Where the rubber meets the road?
✅ Anonymous June 18, 2026 at 9:07 AM "They are a safety and soundness regulator. You are missing the point anyway. The DFPI has no grounds, under either safety or soundness concerns or consumer protection, not to approve this merger, provided there is a yes majority of voters."
Our commenter from yesterday seems to believe that DFPI falls into the rubber stamp definition of regulators: "A mostly powerless yet officially recognized body that routinely approves or endorses programs and policies initiated by a controlling party." Mighty harsh critique! Certainly no need to lobby for "deregulation" if true!

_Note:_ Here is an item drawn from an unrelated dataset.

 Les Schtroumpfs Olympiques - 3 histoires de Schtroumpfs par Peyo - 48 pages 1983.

It is pretty clear the knavish SAFE Board and senior leadership do not believe DFPI's claim that "California is the credit union charter of choice"! But, if this merger mistake comes up for a SAFE member vote: California and credit unions nationwide will have the chance to judge for themselves the regulatory rigor of DFPI.

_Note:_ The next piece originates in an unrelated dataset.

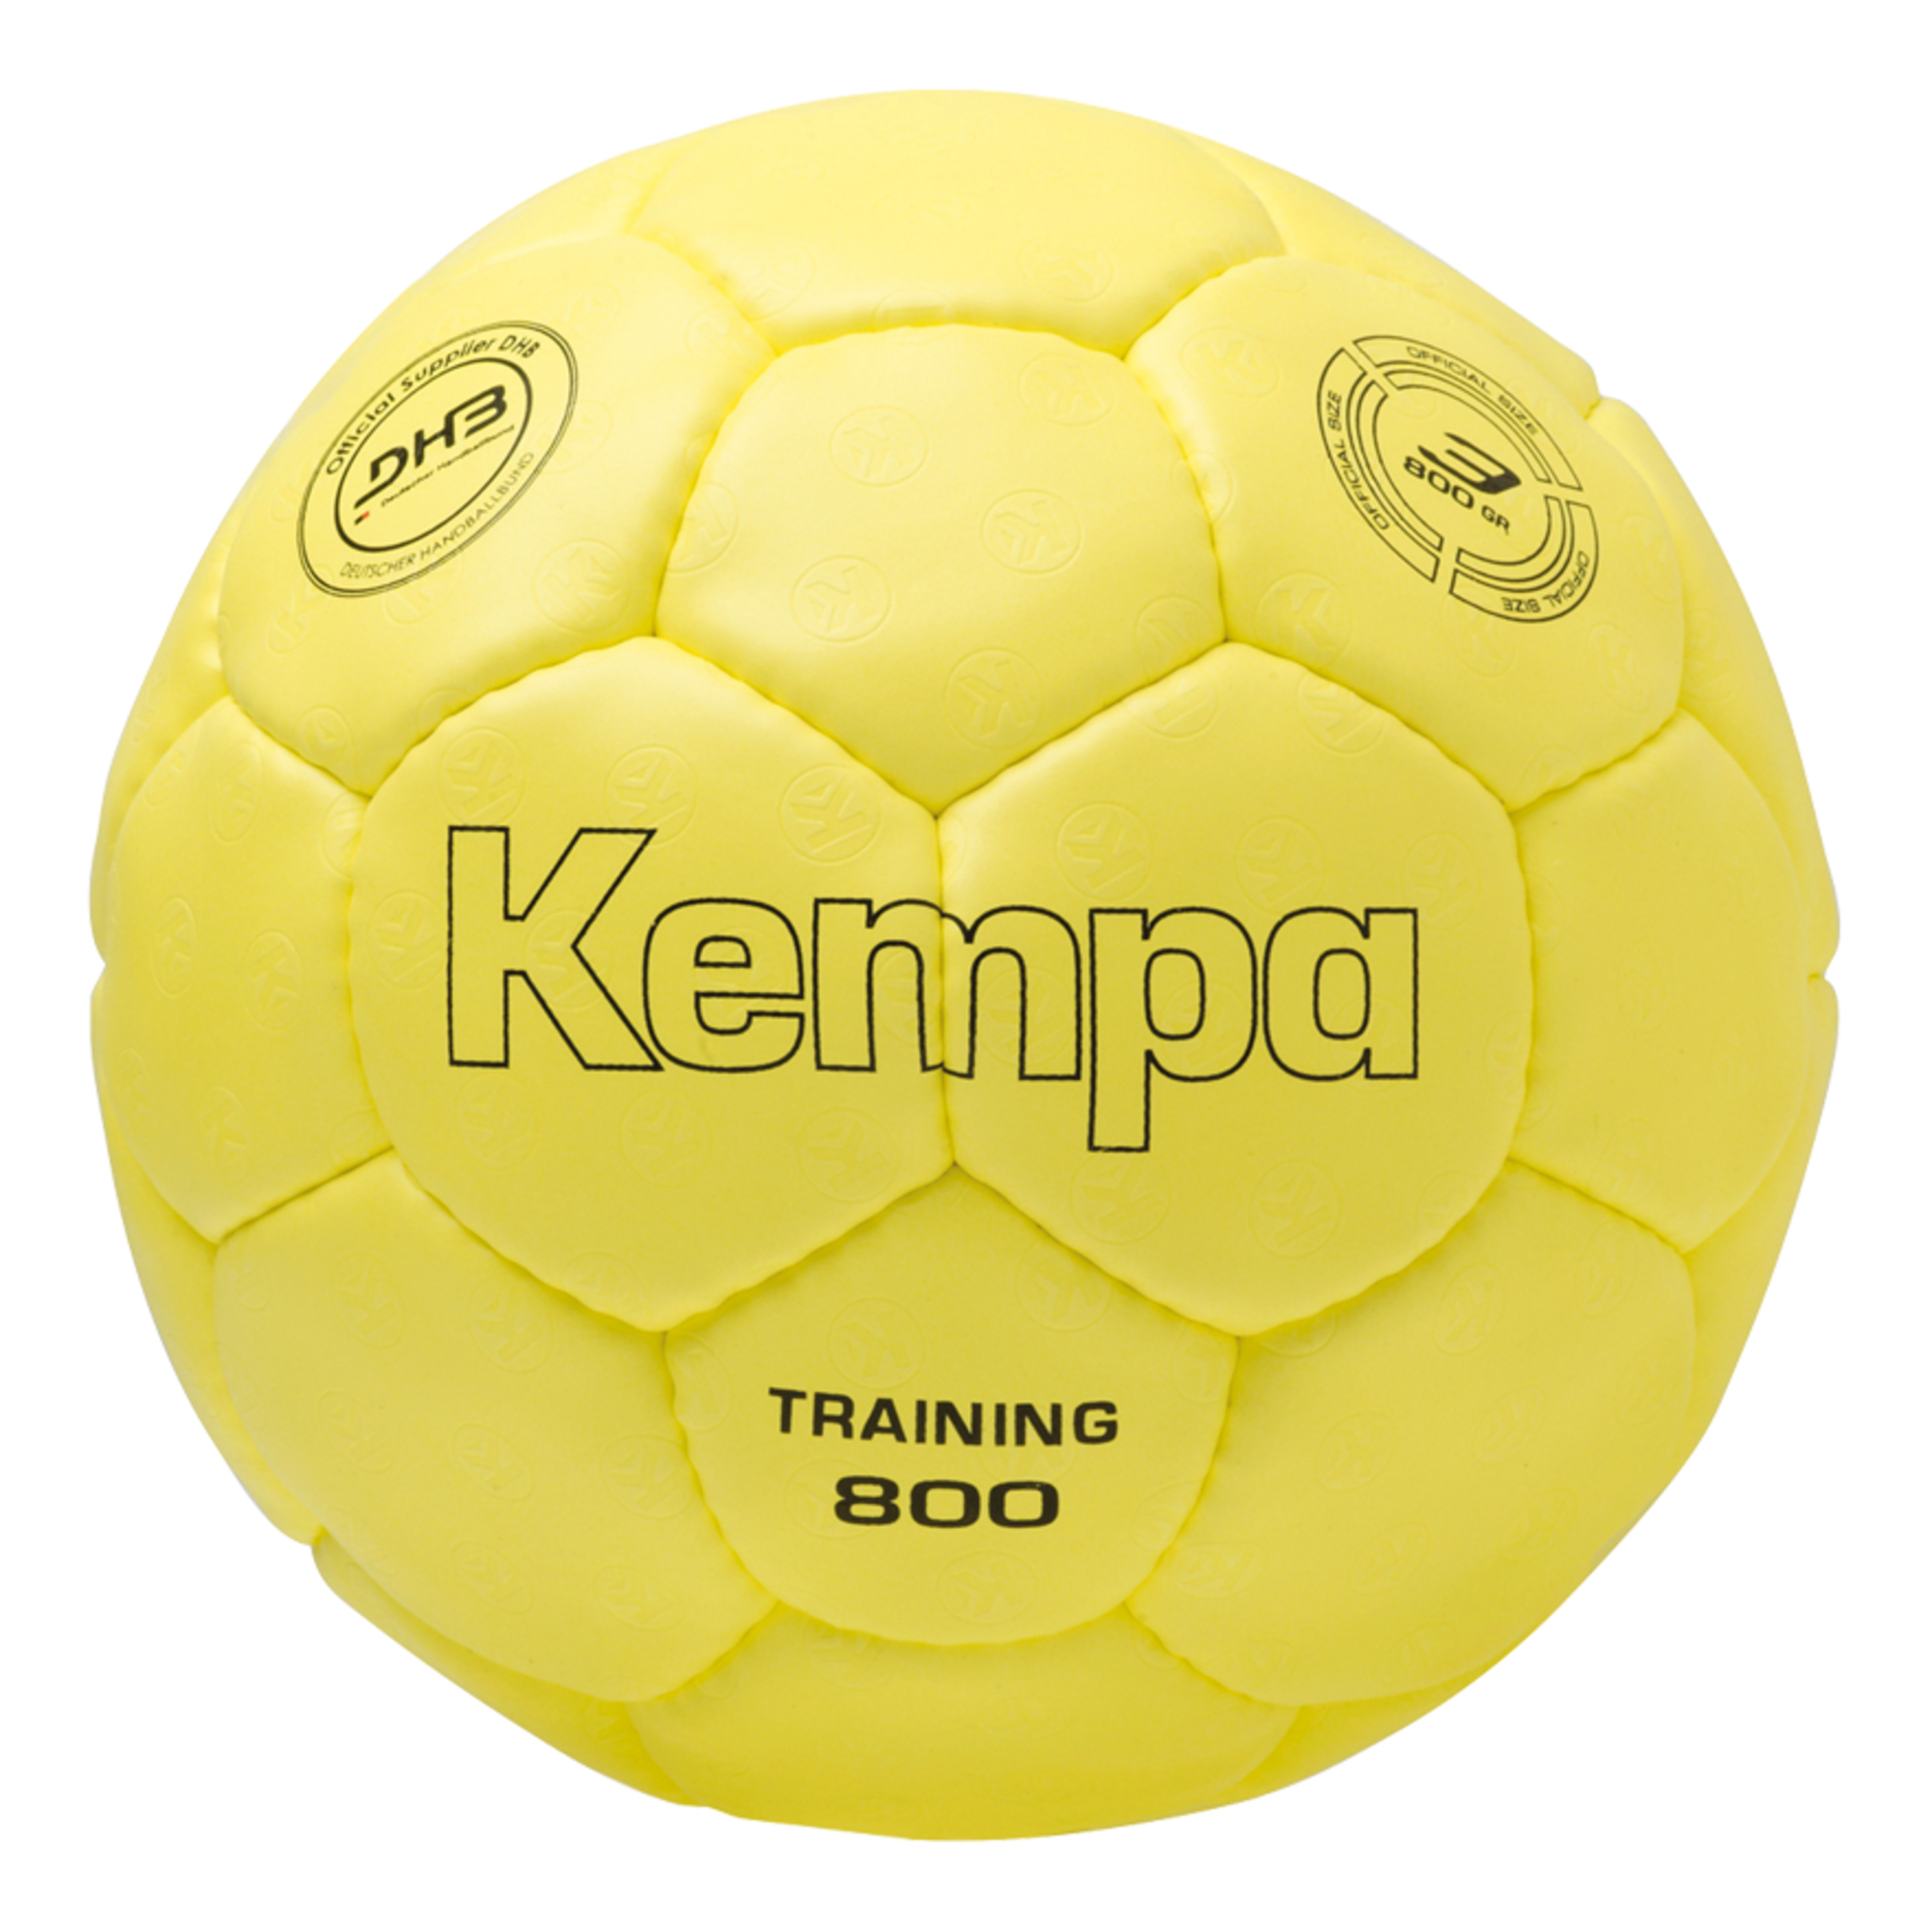 Training 800 Amarillo Kempa - amarillo-fluor -

😎 For, as our commenter so correctly declares: "DFPI has no grounds ... not to approve this merger, provided there is a yes majority of voters."

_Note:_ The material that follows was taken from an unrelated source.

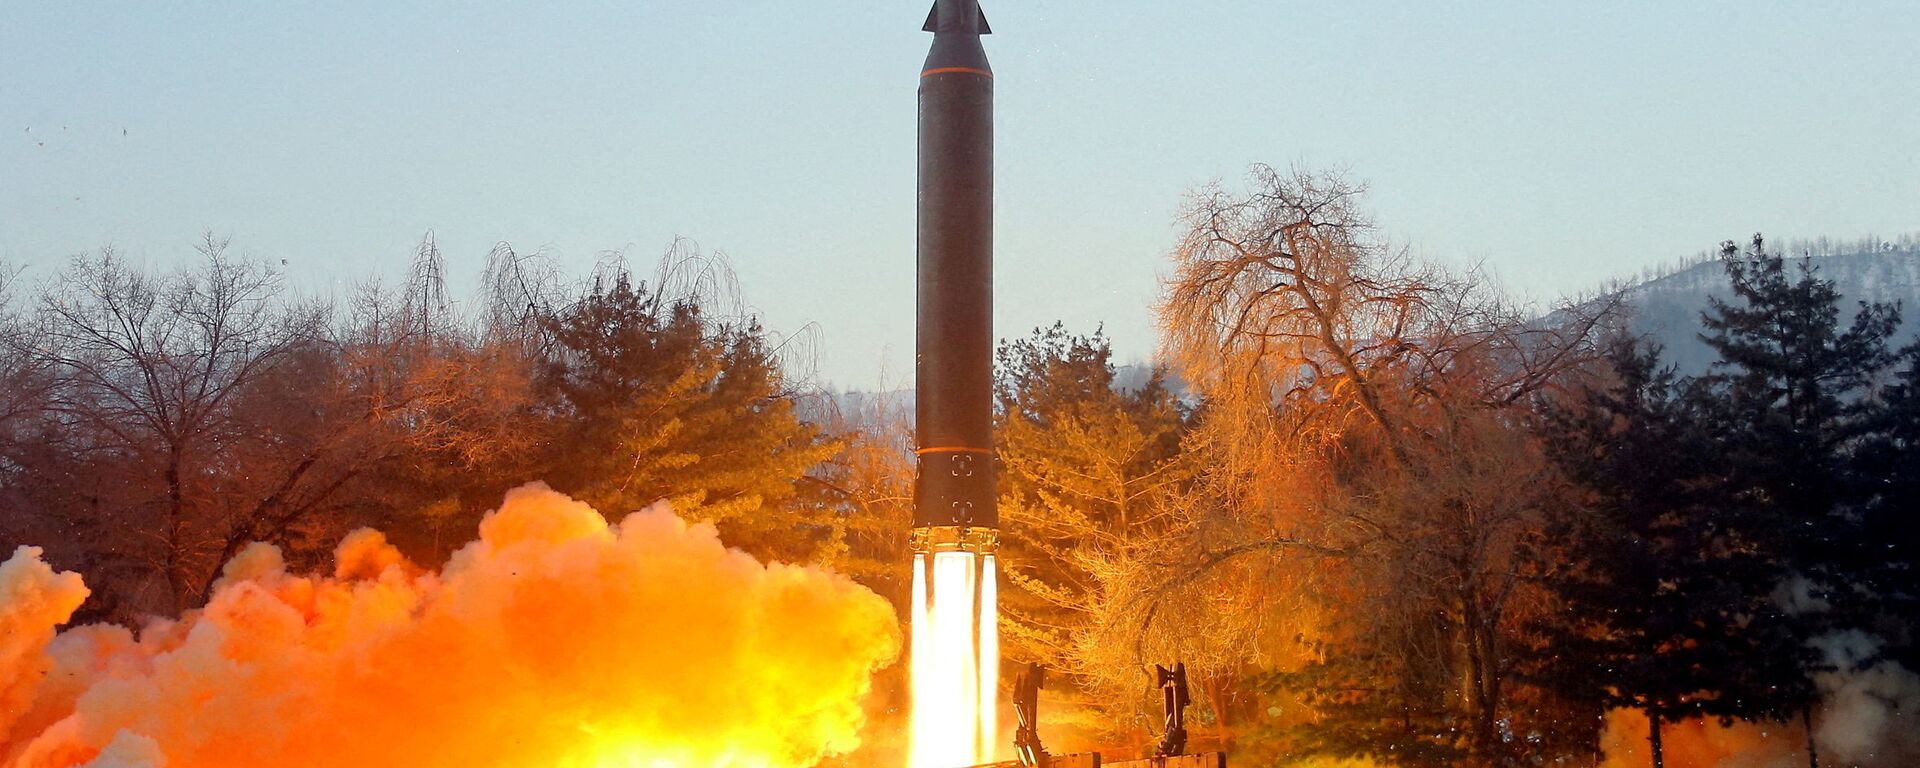 اختبار إطلاق صاروخ تفوق سرعته سرعة الصوت في كوريا الشمالية، 11 يناير 2022  - سبوتنيك عربي, 1920, 28.02.2022

✔ California law explicitly states that a majority of all SAFE members must vote in favor of the merger proposal for it to be approved. If a majority of all 245,000 SAFE members do not vote in favor of merger, the merger is not approved!
If 122,501 SAFE member-owners do not vote in favor of this "nothing-but-nonsense" merger, will DFPI follow the law and disapprove the merger or overrule SAFE members and the best interests of the people of California?
California credit union regulation... real or rubber?